Nessun intervallo nel corso della recita. L’«Orfeo ed Euridice» è stato proposto in un’unica galoppata di un’ora e mezza, vibrante da togliere il fiato per qualcuno, di una noia mortale per qualcun altro perché Gluck non è Verdi e in fondo all’opera si va anche per fare un po’ di struscio nel foyer durante la pausa. Ecco allora che i commenti a caldo il pubblico può scambiarseli solo al termine della recita, al freddo sotto al colonnato del Regio. Tutti tranne un primo tagliente giudizio “scappato” ad un signore dal loggione spazientito dal dilungarsi dell’antefatto raccontato per immagini cinematografiche: «Siamo all’Odeon?» chiede ad alta voce. No, all’Orfeo verrebbe da dire, a proposito di vecchi cinema in città.

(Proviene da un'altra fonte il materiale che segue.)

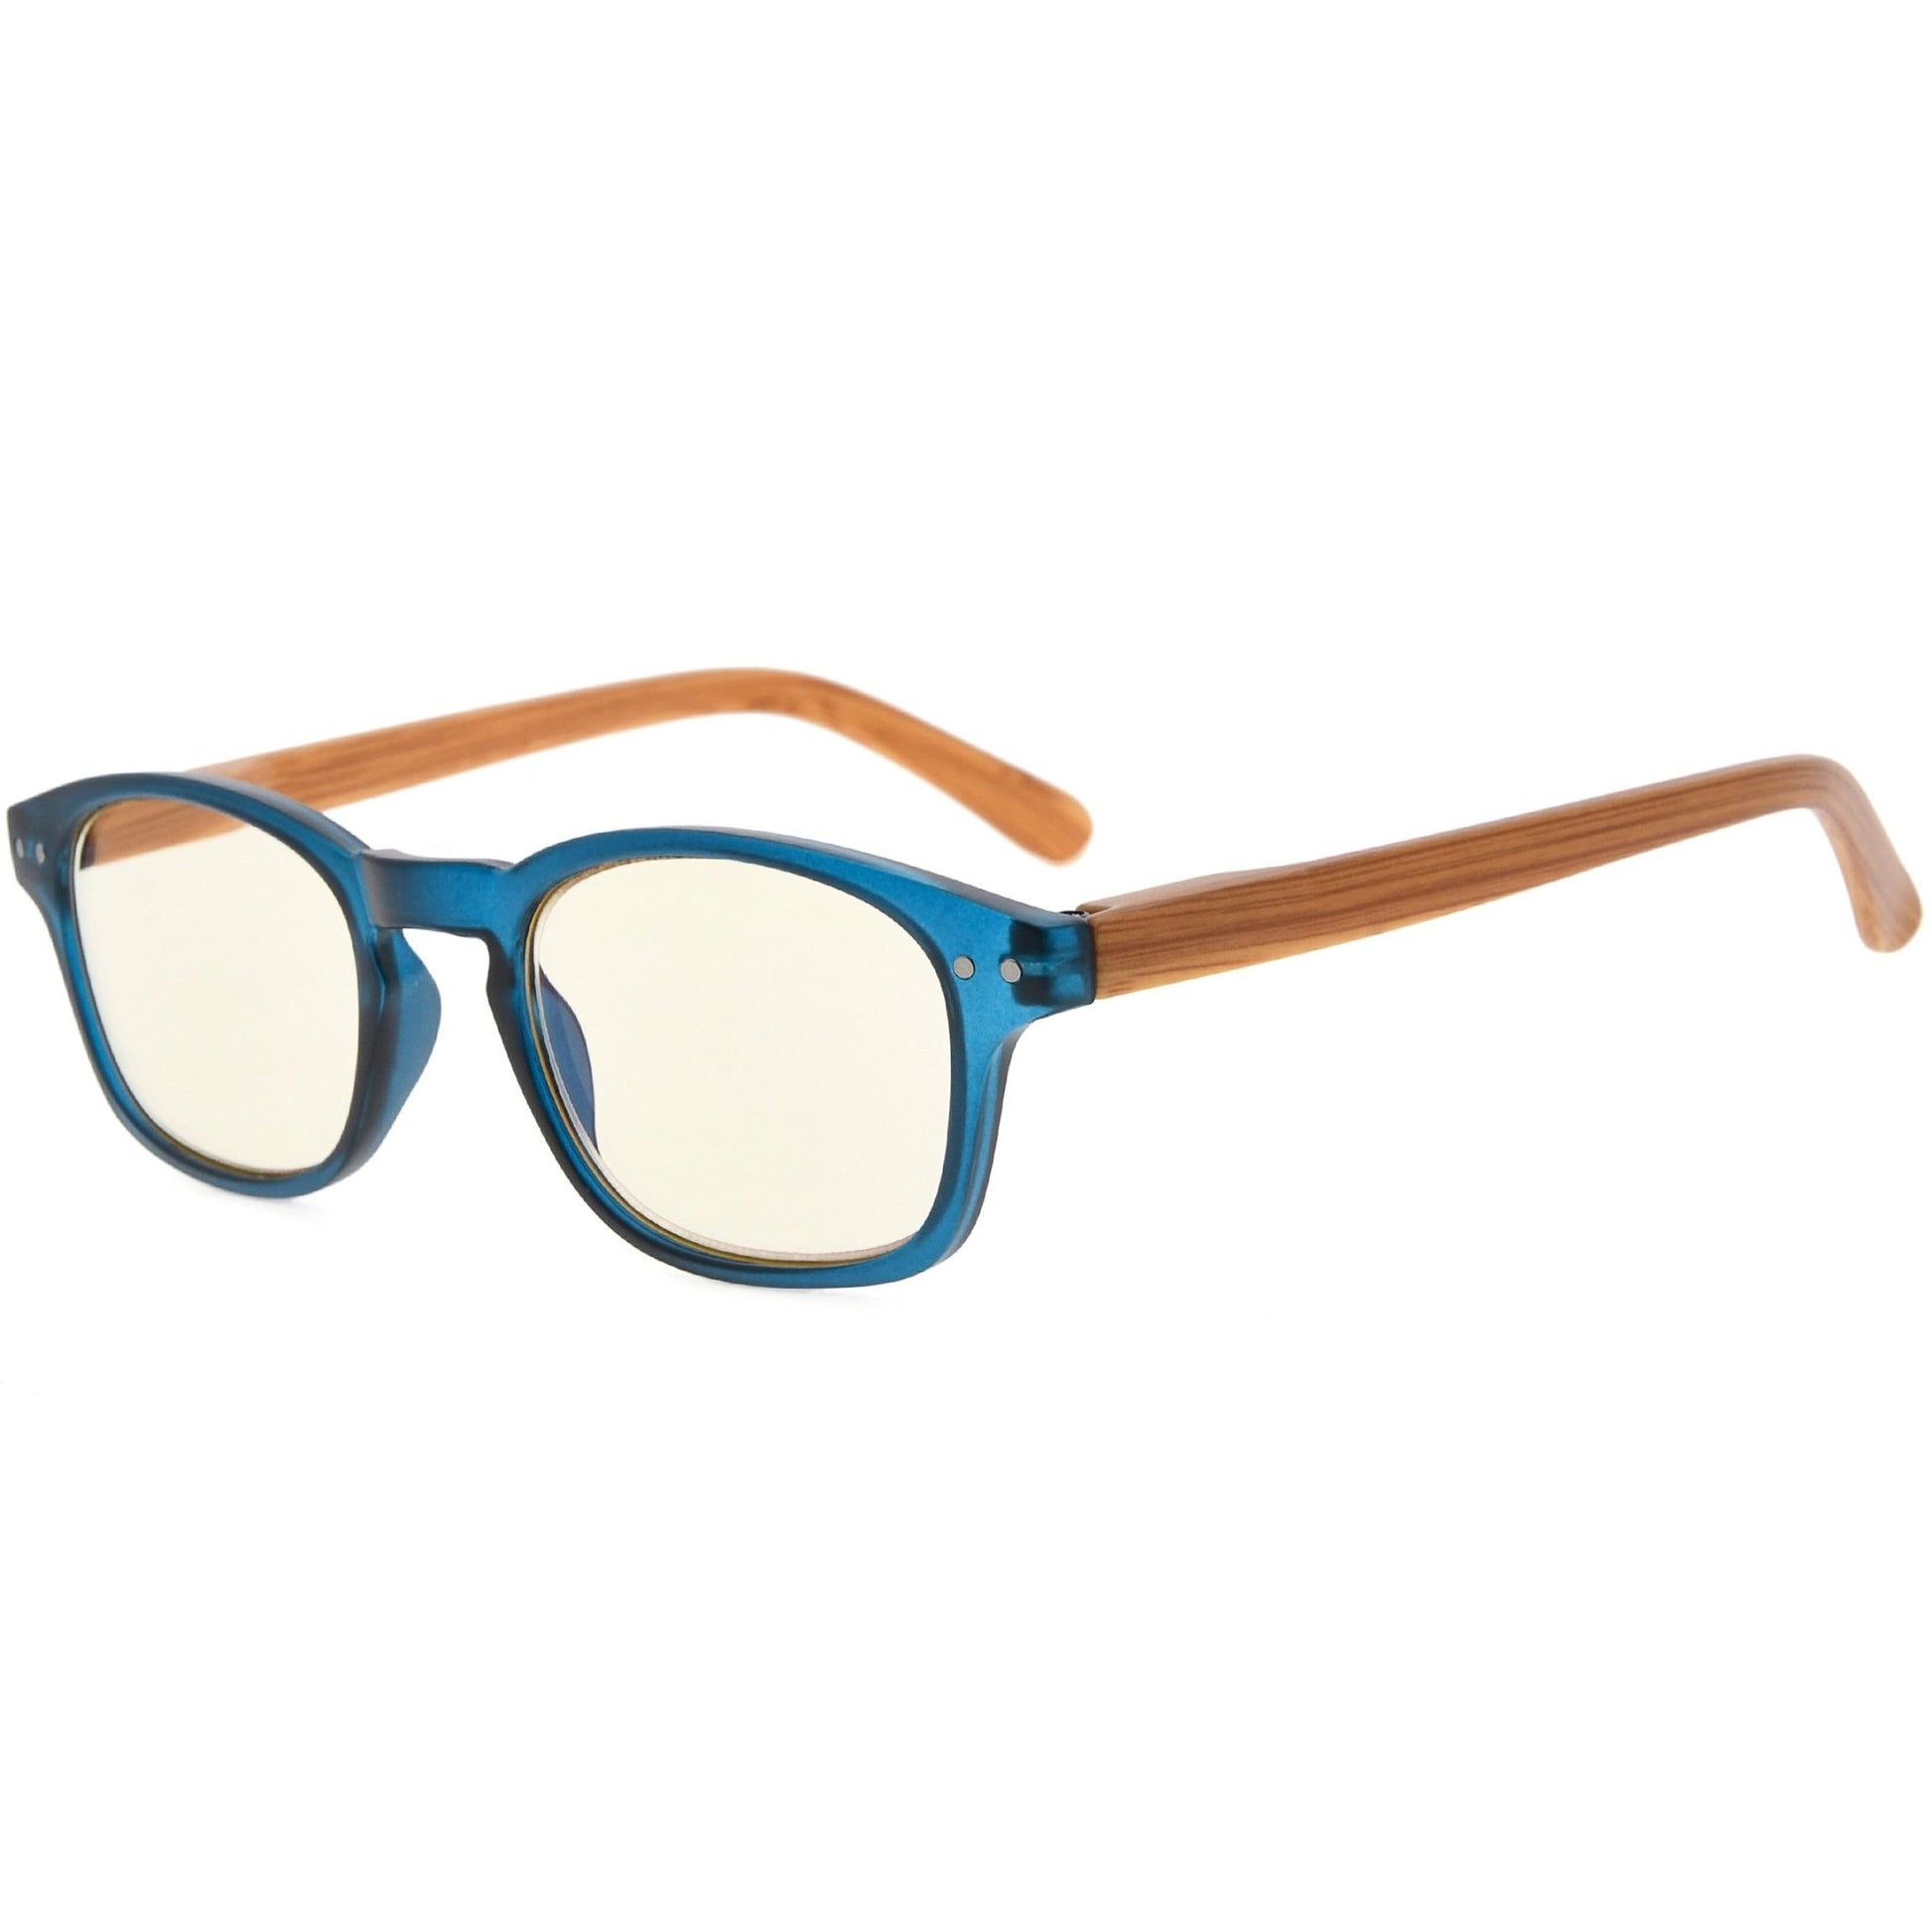 Bamboo-look Temples Computer Reading Glasses Blue CG034

Tanti gli applausi. Lo spettacolo per la regia di Shirin Neshat, ha conquistato anche chi inizialmente era scettico sulla proposta di un Gluck a casa di Verdi. Questo Orfeo è uno spettacolo di quelli destinati a rimanere nei ricordi del pubblico. «Vistoli è stratosferico- dice Carla Allodi - Molto bella la voce di Euridice, troppo metallica quella di Theodora Raftis che è anche un po’ discontinua nella linea vocale. Ottima la direzione di Biondi che è andato in profondità e il Coro del Regio semplicemente magico in queste pagine metafisiche». Alla sua prima al Regio il nuovo questore Carmine Rocco Grassi «Il mio battesimo in questo tempio dell’opera non poteva essere migliore. I due protagonisti eccellenti, coro e orchestra bravissimi, spettacolo meraviglioso». Il soprano Lucetta Bizzi interpretava Amore nell’edizione del 1987 e ora dalla platea ha applaudito lungamente Orfeo. «Su tutti ho apprezzato Vistoli che è straordinario, ha una voce piena, maschia, un fraseggio eccellente. Avevo sentito delle registrazioni ma dal vivo è incredibile. Ho faticato un po’ a tenere insieme la musica alle immagini ma questa regia è molto interessante, piena di contrasti, così com’è nell’opera e c’è tanto lavoro dietro». Entusiasta Corrado Pattonieri, medico per una vita e consigliere di Parma Lirica che ha iniziato ad andare al Regio quando aveva undici anni. Ha sentito Corelli e persino la Traviata con Magda Olivero nel 1957. «Sono un maniaco di cinema e fotografia e quindi ho apprezzato tantissimo l’impronta di questa regia della Neshat. E’ una delle regie più belle che ho visto in vita mia. Dal punto di vista estetico lo spettacolo è bellissimo ed elegante con l’uso del bianco e nero che persiste fino al ritorno alla vita della protagonista. Non è un’estetica barocca ma rispetta il libretto e la musica, rendendo la storia attuale. Vistoli ha una voce espressiva e strepitosa».